Kau panggil diriku, supaya kukenal
Iman harapan yang teguh dan kasihMu kekal.
Aku datanglah, Tuhan, padaMu;
Dalam darahMu kudus sucikan diriku.
Pelaksanaan
Perjamuan Kudus
PF :Saudara-saudara yang dikasihi Tuhan, Roti
dan anggur yang kita lihat ini hendaklah kita terima sebagai tanda dan meterai
dari pengorbanan dan persekutuan dengan Kristus. Supaya kita dipelihara dengan
roti sorgawi, yakni Yesus Kristus, janganlah hati kita melekat kepada roti dan
anggur yang kelihatan ini, melainkan dengan iman kita mengangkat hati kepada Yesus Kristus
Tuhan kita.
Jemputan/Ajakan
PF :Saudara-saudara, segala
perkara telah sedia. Tuhan Yesus bersabda “Marilah kepadaKu, semua yang yang
letih lesu dan berbeban berat, Aku akan memberi kelegaan kepadamu”
.... Proses Perjamuan Kudus
....
PF : (sambil memecah-mecahkan roti)
mengucapkan:
“Roti yang kita
pecah-pecahkan ini adalah persekutuan kita dengan tubuh Kristus.
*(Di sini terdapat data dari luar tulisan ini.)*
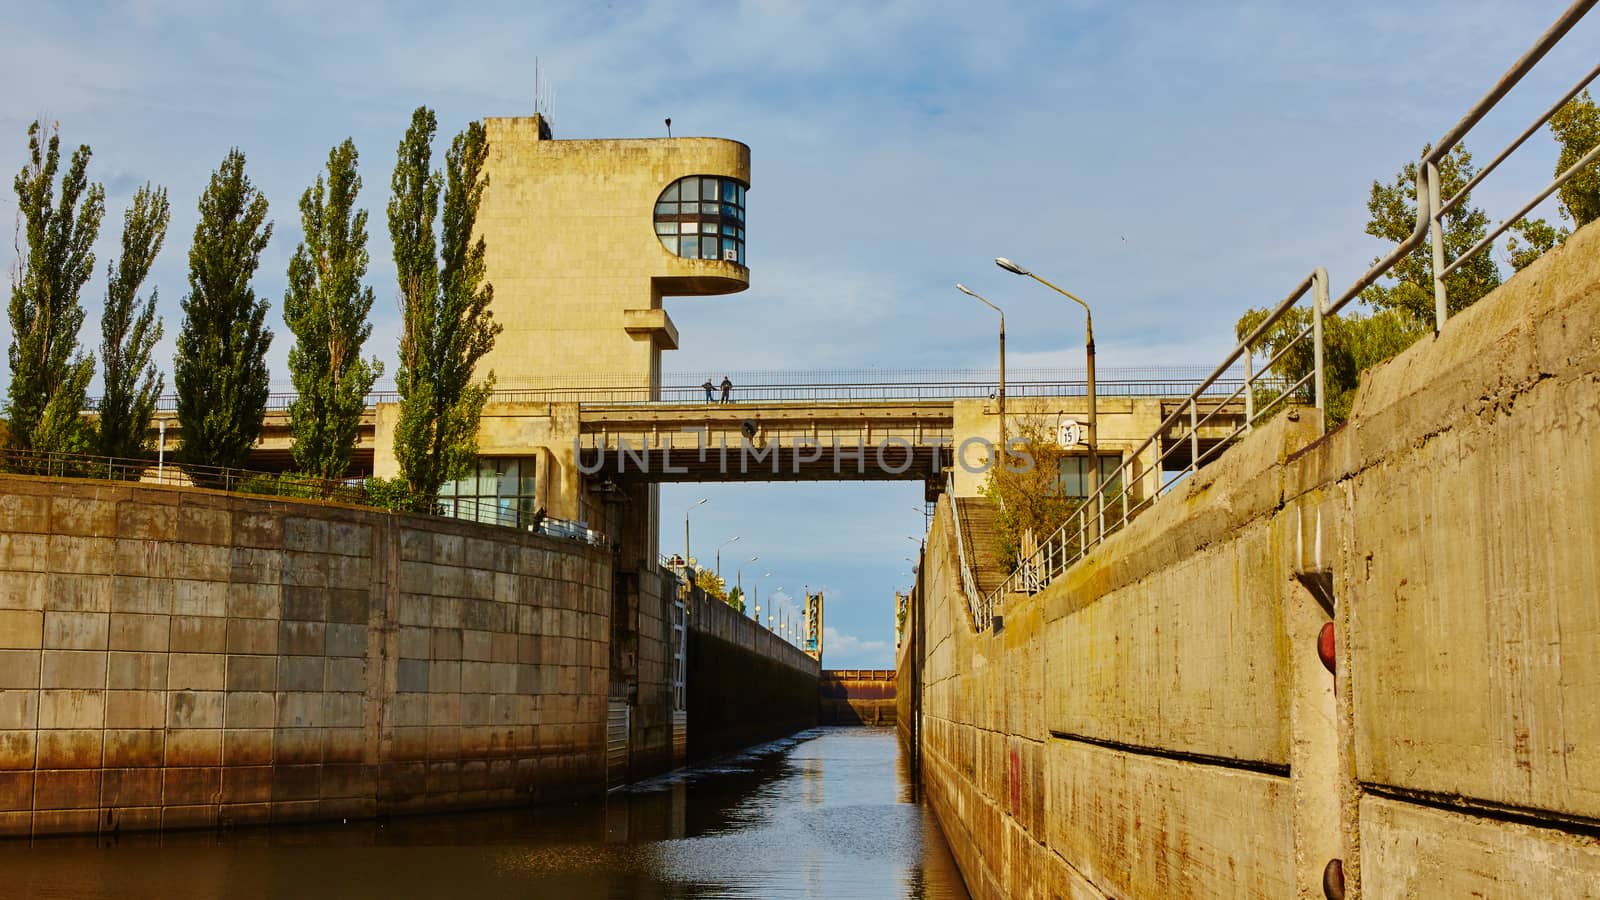 One of the locks on navigable river  by sarymsakov

Tuhan Yesus
berkata: Inilah tubuh-Ku yang diserahkan karena kamu; perbuatlah ini menjadi
peringatan akan Aku”. Ambillah - makanlah.
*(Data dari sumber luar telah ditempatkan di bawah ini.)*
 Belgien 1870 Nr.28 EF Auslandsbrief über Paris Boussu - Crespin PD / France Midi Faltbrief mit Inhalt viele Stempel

*Roti dibagikan ke anggota jemaat yang mengikuti
PerjamuanKudus.
*Selanjutnya, pelayan mengangkat cawan, lalu
mengucapkan:
“Cawan minuman yang atasnya kita
ucapkan syukur ini adalah perjanjian baru yang dimeteraikan oleh darah Kristus.
Tuhan Yesus bersabda: Inilah darah-Ku, darah perjanjian baru yang ditumpahkan
bagi banyak orang untuk pengampunan dosa”. Ambillah - minumlah.
*Sloki dibagikan kepada jemaat.
*Pembacaan nas Alkitab:
Menyanyi:
NKB 84 :1
Kub`rikan
bagimu tubuhKu, darahKu
Engkaupun Ku tebus, selamat
jiwamu
Bagimu Ku b`ri hidupKu, apakah
balasmu (2X)
*Masing-masing berdoa pribadi
*Pelayan kembali ke mimbar dan mengucapkan:
PF :Saudara-saudara
yang dikasihi Tuhan. Karena Tuhan
sudah menguatkan dan menyegarkan jiwa kita, marilah kita sekarang berkata dalam
hati seperti pemazmur memuji Nama Tuhan dan mengucapkan syukur kepada-Nya:
Pujilah Tuhan, hai jiwaku! Pujilah nama-Nya yang kudus, hai segenap batinku!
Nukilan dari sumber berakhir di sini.